1. Technical Field
The present invention relates to a semiconductor memory, and more particularly, to a memory module and method of mounting a memory device on a printed circuit board (PCB) to form the memory module, which is capable of substantially reducing unnecessary routing space.
2. Description of the Background
Modern computer systems require rapid operating speed and high frequency operation. Computer systems commonly employ memory devices such as DRAMs (Dynamic Random Access Memory devices) as a main system memory. Such DRAM devices have developed into synchronous DRAM (SRAM) devices, double data rate SDRAM devices, and Rambus DRAM (hereinafter, referred to as ‘RDD’) devices, to obtain high performance operation that is required for a computer system.
In an RDD, a plurality of RDDs are arranged in a series array on a bus line of a memory system such as a Rambus system. Operation of respective RDDs is controlled by a packet signal of which signals are sequentially received during a predefined signal section. The respective RDDs input and output data respectively and independently. Currently a RiMM (Rambus inline memory module) that is used as a module of computer system is constructed of RDDs. In the RDDs, consecutive data is provided sequentially from a single data pin, and transmission rate, or bandwidth, is determined by the speed of the consecutively provided data and by the number of data pins.
FIG. 1 illustrates the configuration of a general Rambus system. Referring to FIG. 1, a RiMM applied to a Rambus system is formed by disposing several. RDDs on a common PCB at predefined intervals and by sequentially connecting the RDDs using various packaging technologies that include, for example, interconnects in the form of pins or balls. The RDD is thus obtained and operates under the control of command signals that are synchronized to clock signals and that are transferred through a transmission line that is connected to a controller.
FIG. 2 illustrates a RiMM constructed of existing memory. As shown in FIG. 2, a plurality of RDDs are arrayed on bus lines BUS1, BUS2 and BUS3 of a memory system.
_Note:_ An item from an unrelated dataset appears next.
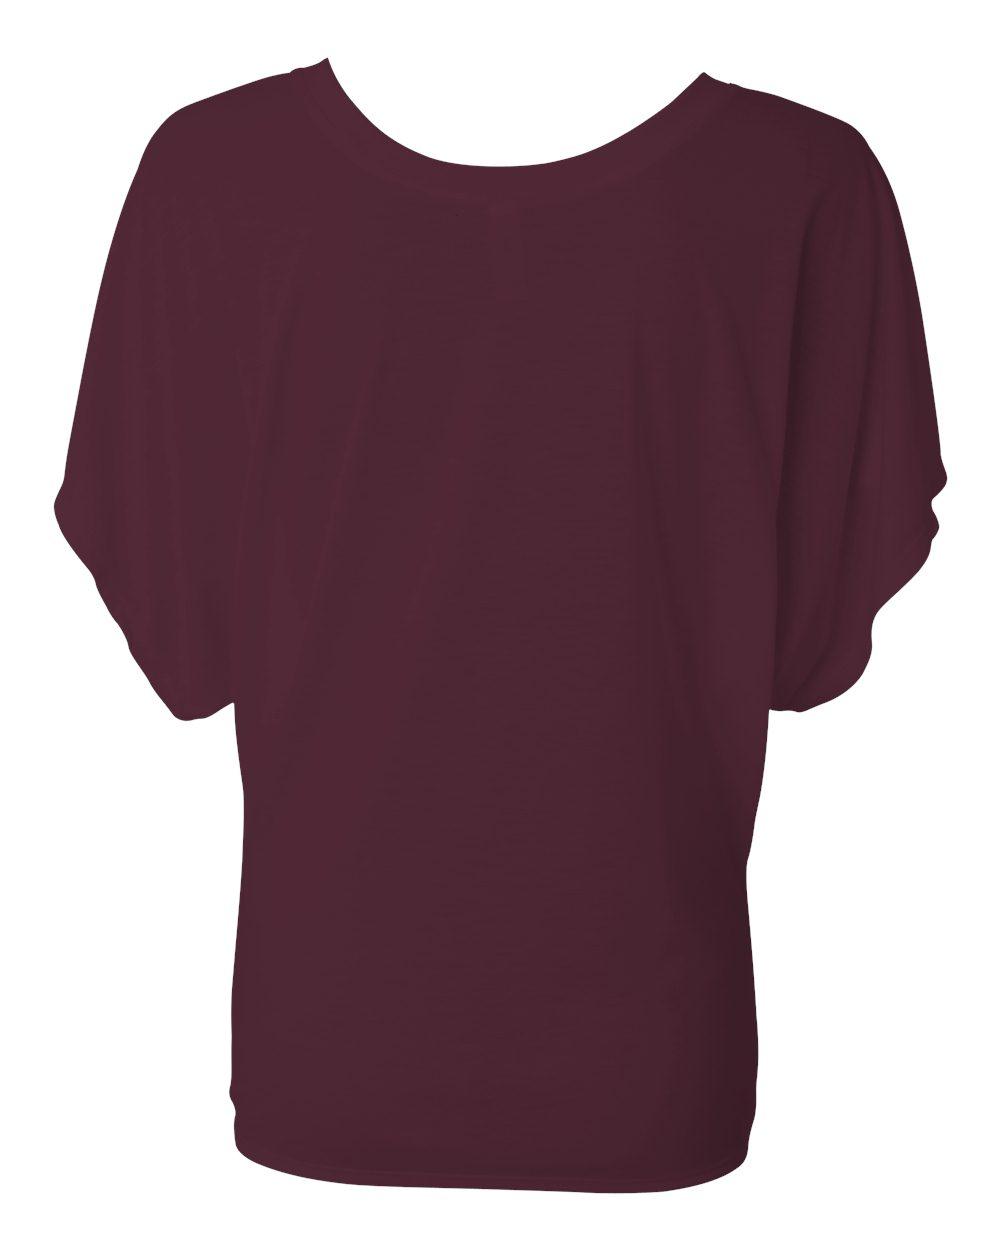 Bella-Canvas-Women-039-s-Flowy-Draped-Sleeve-Dolman-T-Shirt-8821-S-2XL thumbnail 13

To connect a first RDD and a connector tab 21 of the PCB for a memory device formed according to existing packaging technology, a bus line BUS3 is directed straight in an upward direction from the tab 21 and then is bent by 90°, and routed to the first RDD; thus requiring a large amount of routing space in an unpopulated portion 20 of the PCB. Similarly, to connect the last RDD to a connector tab of the PCB, routing space is likewise consumed in a distal, unpopulated portion of the PCB. In other words, modules require routing space in unpopulated portions of both ends of the PCB.
FIG. 3 is a photograph of a RiMM device that includes memory devices that are fabricated according to conventional techniques. With reference to FIG. 3, a portion of bus lines 30 is not connected to the RDD due to a lack of space. As described above, even if a smallest size rule is applied to a limited PCB size, it is difficult to design a RiMM product owing to the difficulty in ensuring routing space on both ends of the PCB. Thus, the product device density is lowered. Any required increase in RiMM size negatively impacts the fabrication cost of a computer system.
In a system environment having many mounted RDDs, a transmission line to form a bus line for connecting between an RDD and a tab on both ends of PCB is necessarily wider than that of a transmission line to form a bus line for connecting between mutual RDDs. A wider bus line is required between the devices and tabs for impedance-matching reasons. When a length of the transmission line forming a thick bus line increases, attenuation of a data signal greatly increases.